→ Work task: Transcribe exactly, leaving out pictures, the lines from the one that holds "adjustable walking sandals" through the end of the data below, including both end lines and no others.

→ Dataset extract:
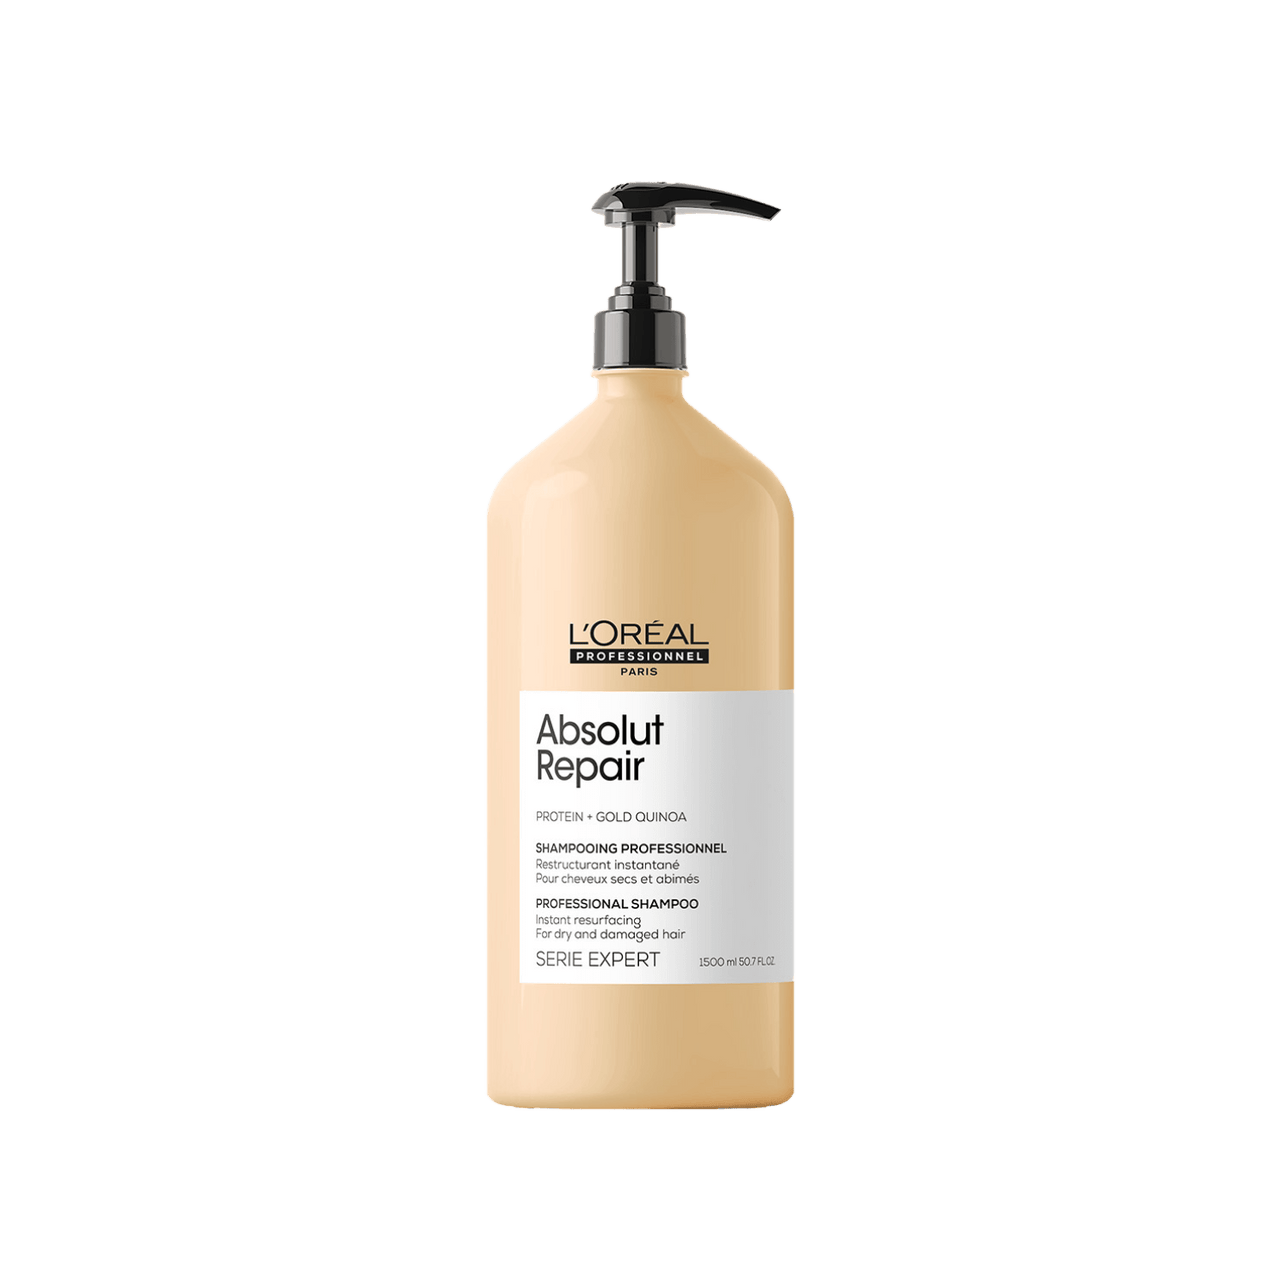 L'Oréal Professionnel Absolut Repair Shampoo 1500mL
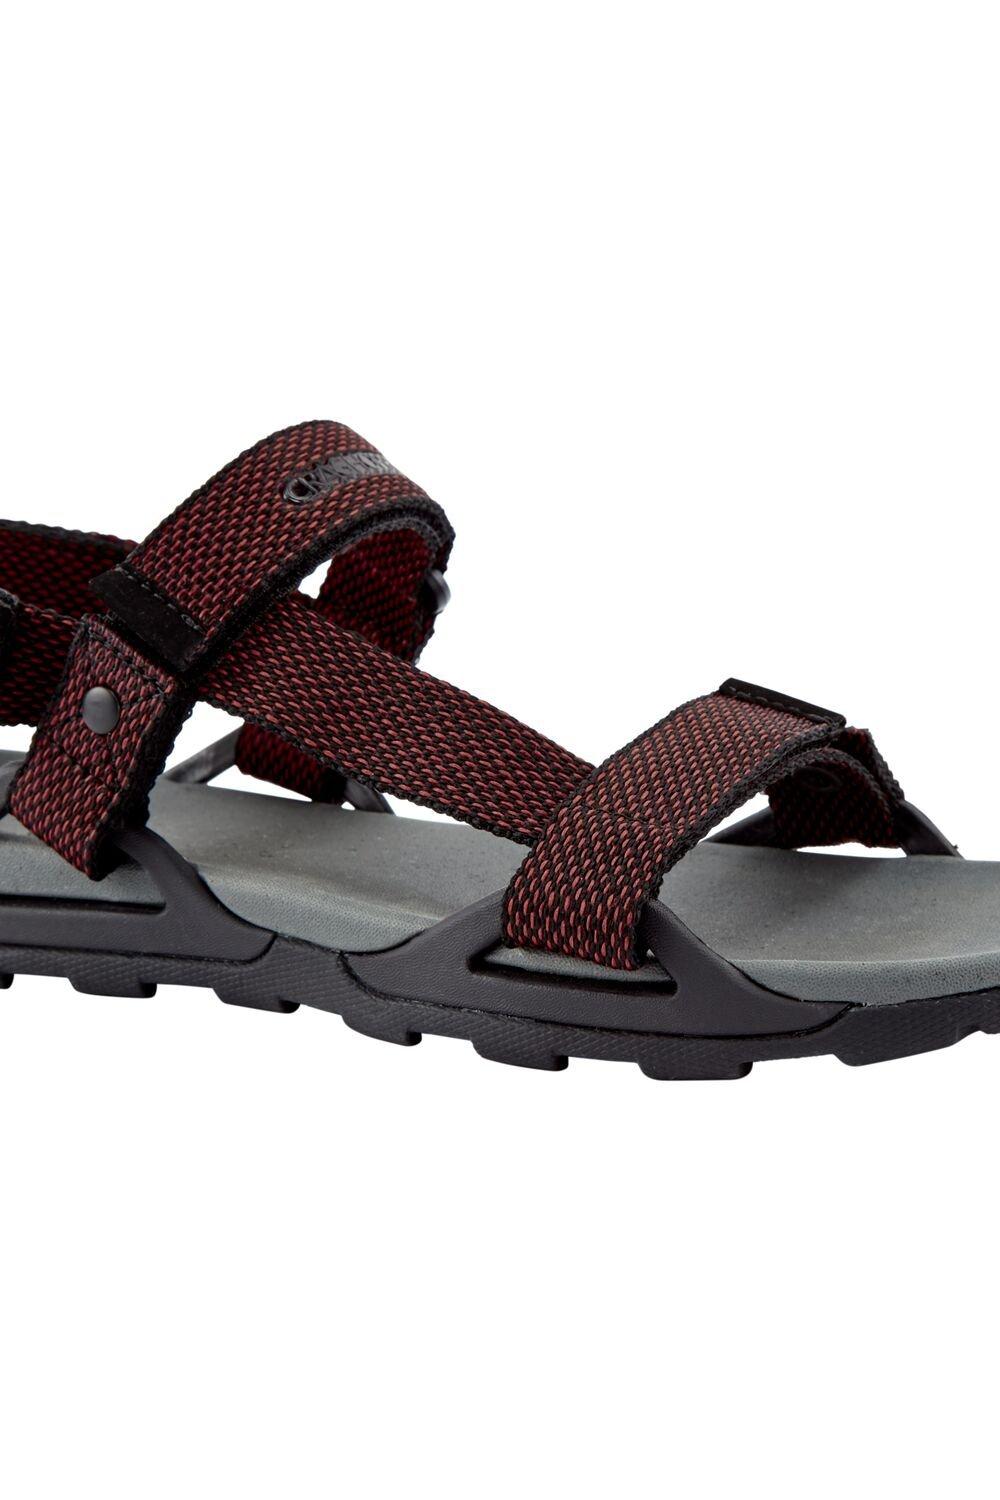 'nosilife locke' adjustable walking sandals
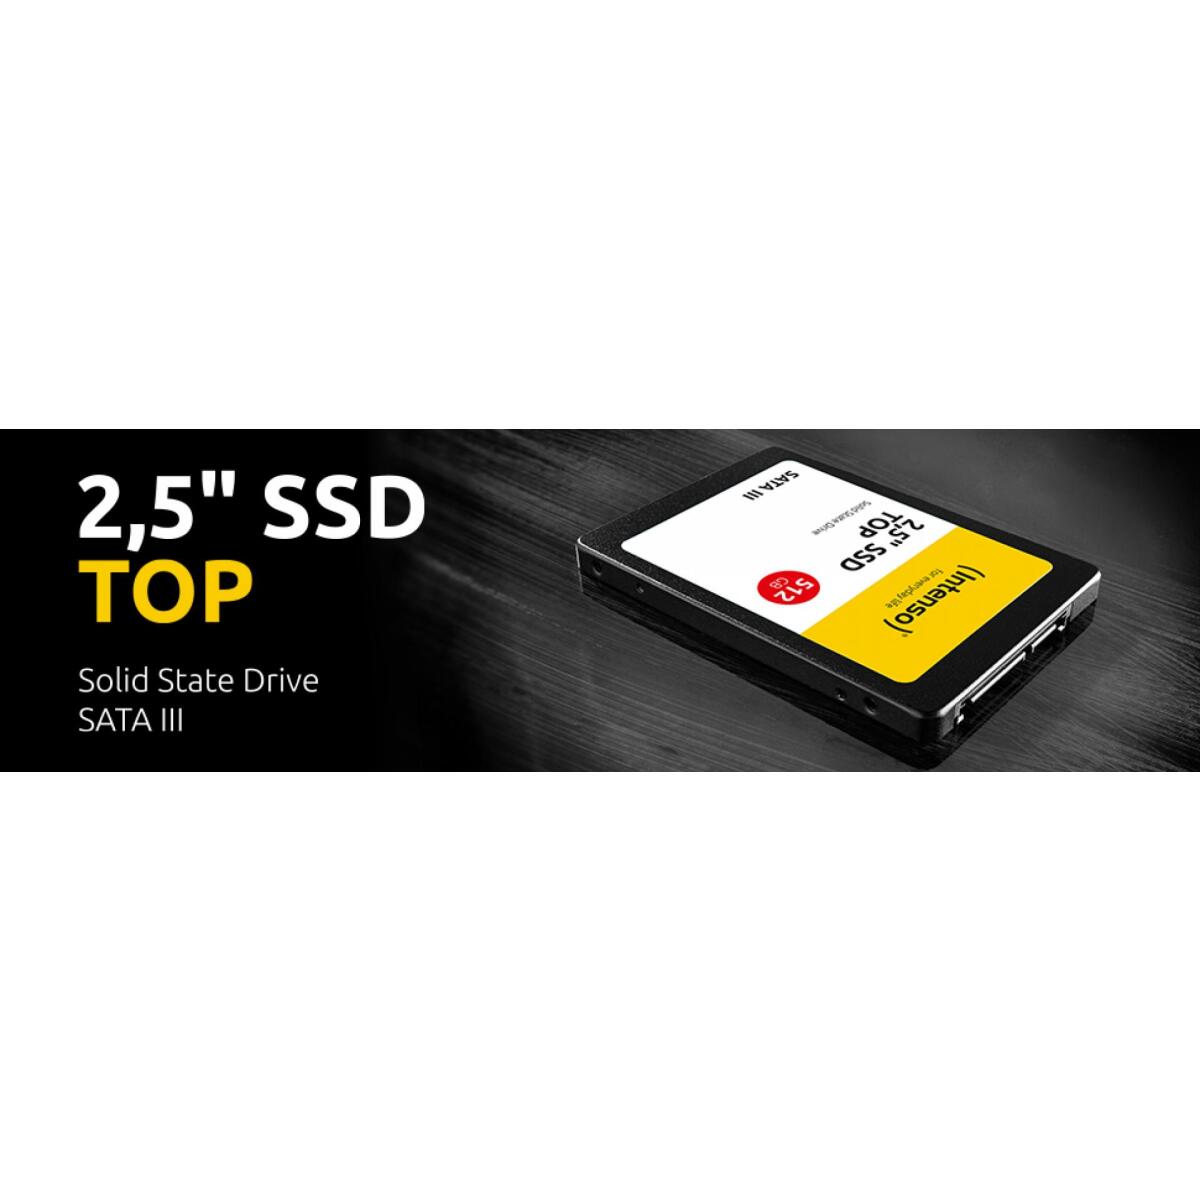 SSD Intenso 512GB TOP SATA3 40,16 intern 2,5\'\' OWL Computerhilfe - € Onlinesh

→ Result of this exercise:
 'nosilife locke' adjustable walking sandals
 SSD Intenso 512GB TOP SATA3 40,16 intern 2,5\'\' OWL Computerhilfe - € Onlinesh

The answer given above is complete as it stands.